Segment Open

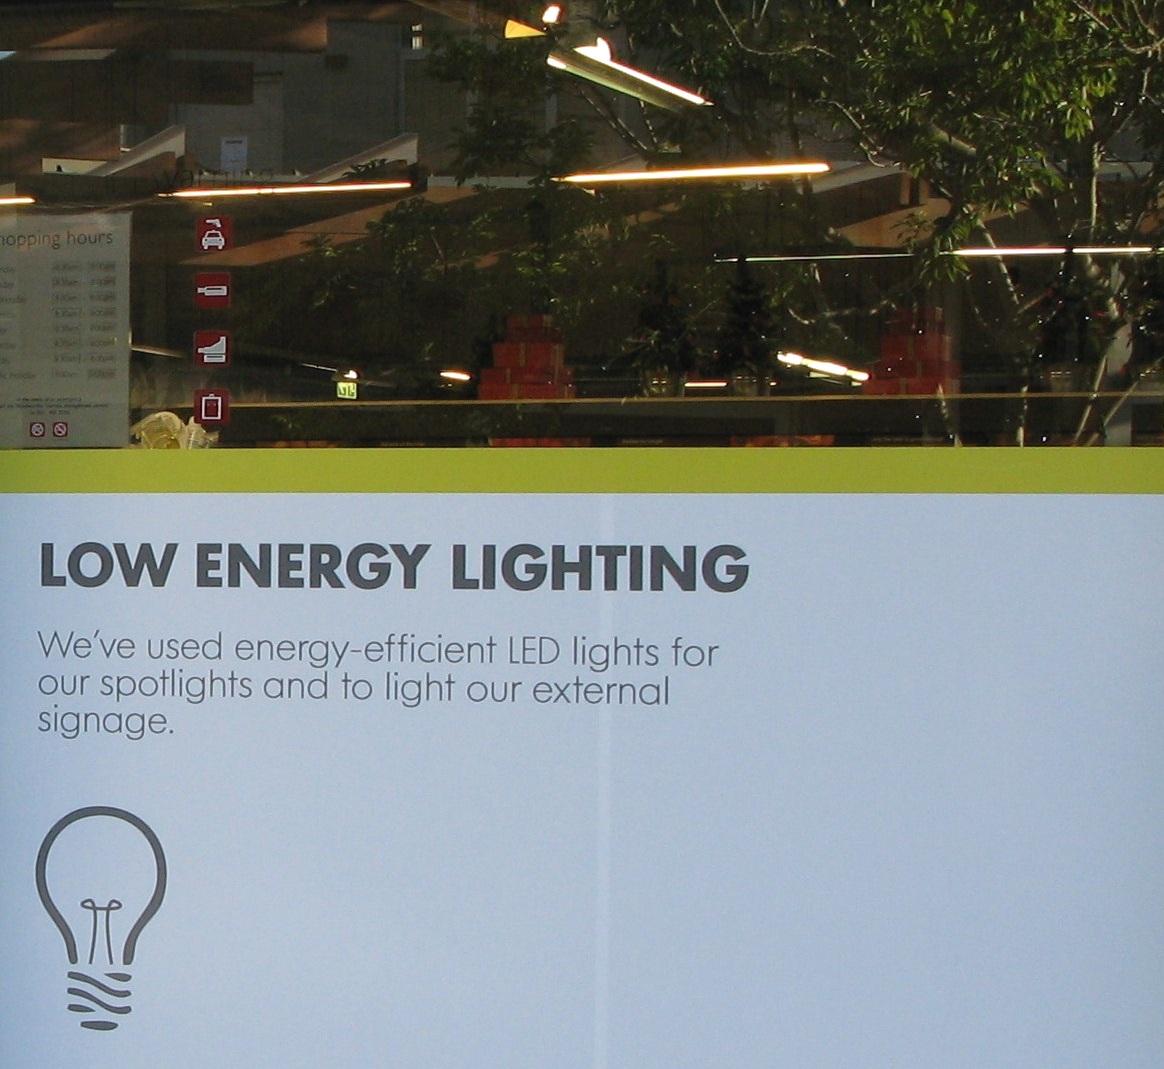 woolworths customers - low energy lighting
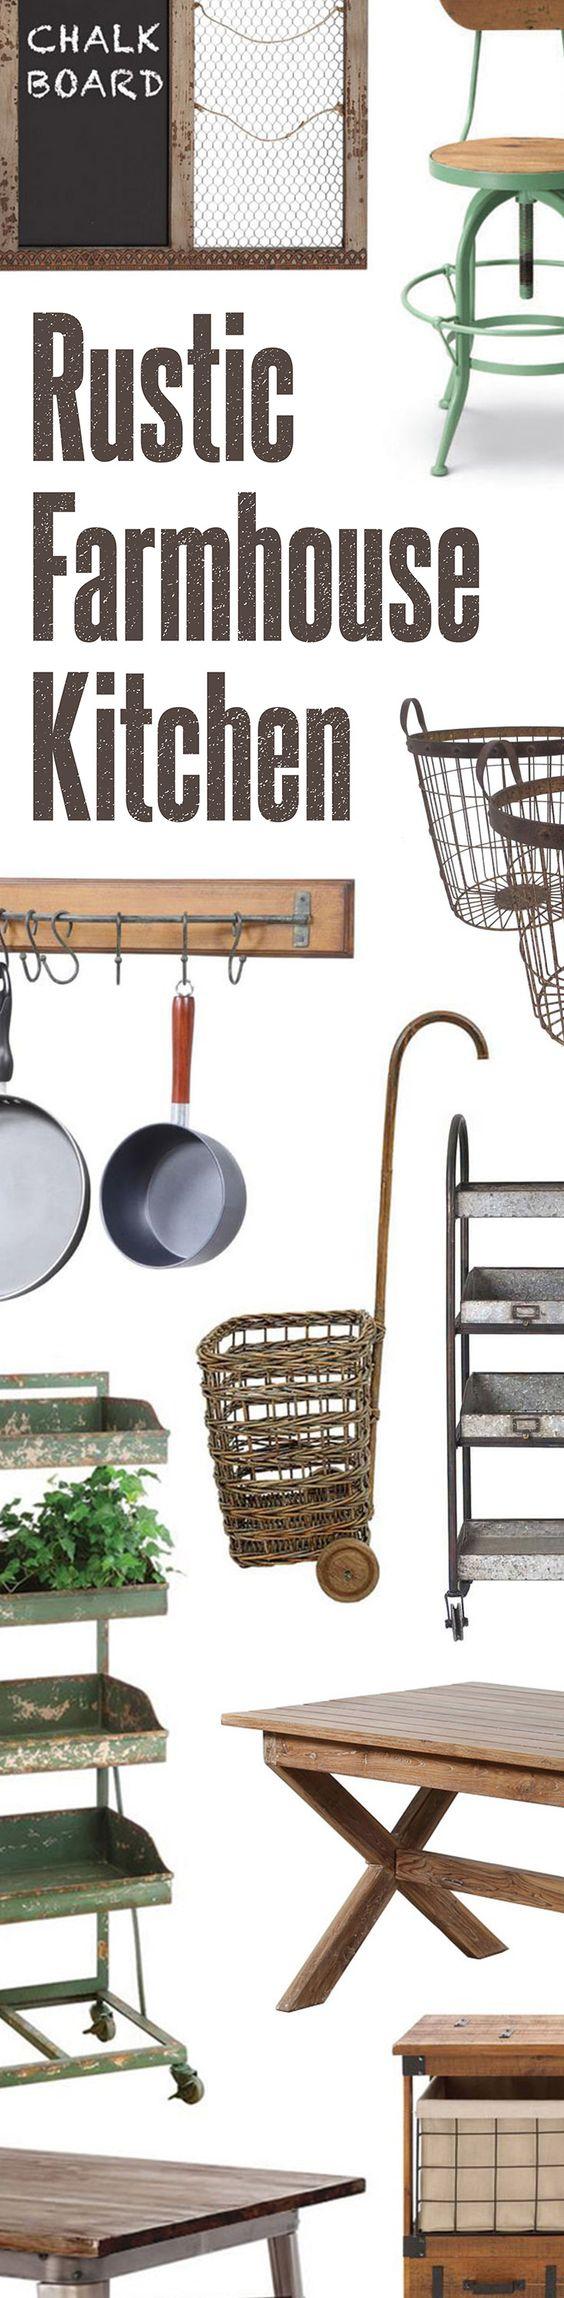 Cuisines rustiques, rustique and cuisines on pinterest
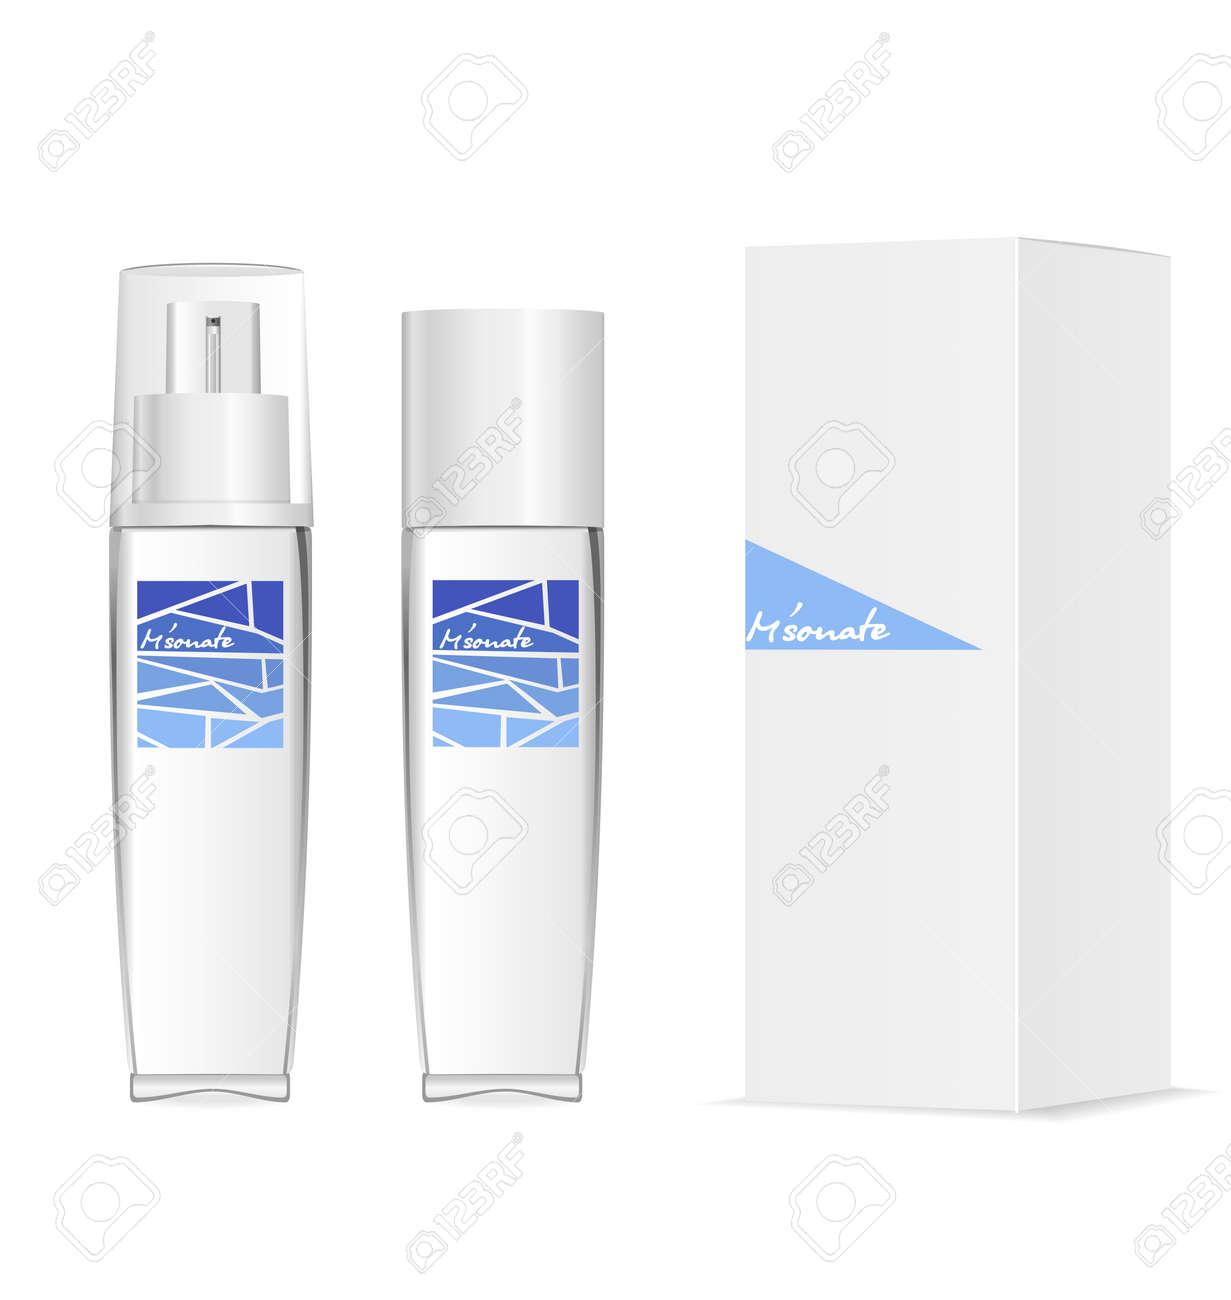 Glass or acylic bottles for parfum, moisturizer etc. - 158488956
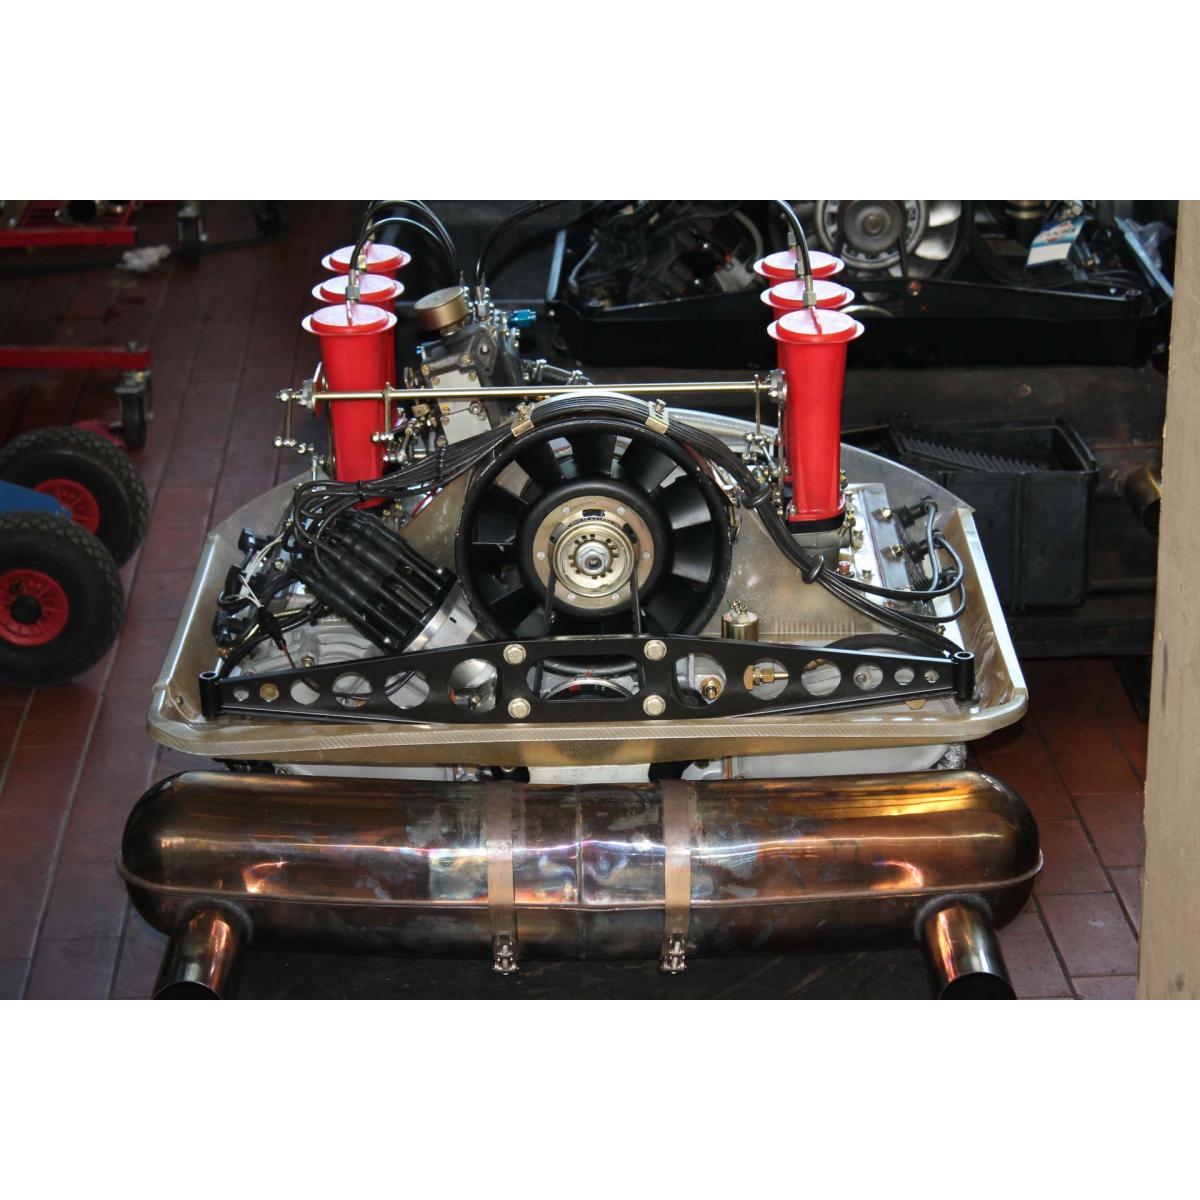 "Motor komplett, 3,0 RSR MFI ""Astronom"", 332 PS/ 323 Nm"

Segment Closed

# TASK DETAILS
Would you retype every line shown above exactly, leaving the pictures aside?

# SOLUTION FOR THIS EXERCISE
 woolworths customers - low energy lighting
 Cuisines rustiques, rustique and cuisines on pinterest
 Glass or acylic bottles for parfum, moisturizer etc. - 158488956
 "Motor komplett, 3,0 RSR MFI ""Astronom"", 332 PS/ 323 Nm"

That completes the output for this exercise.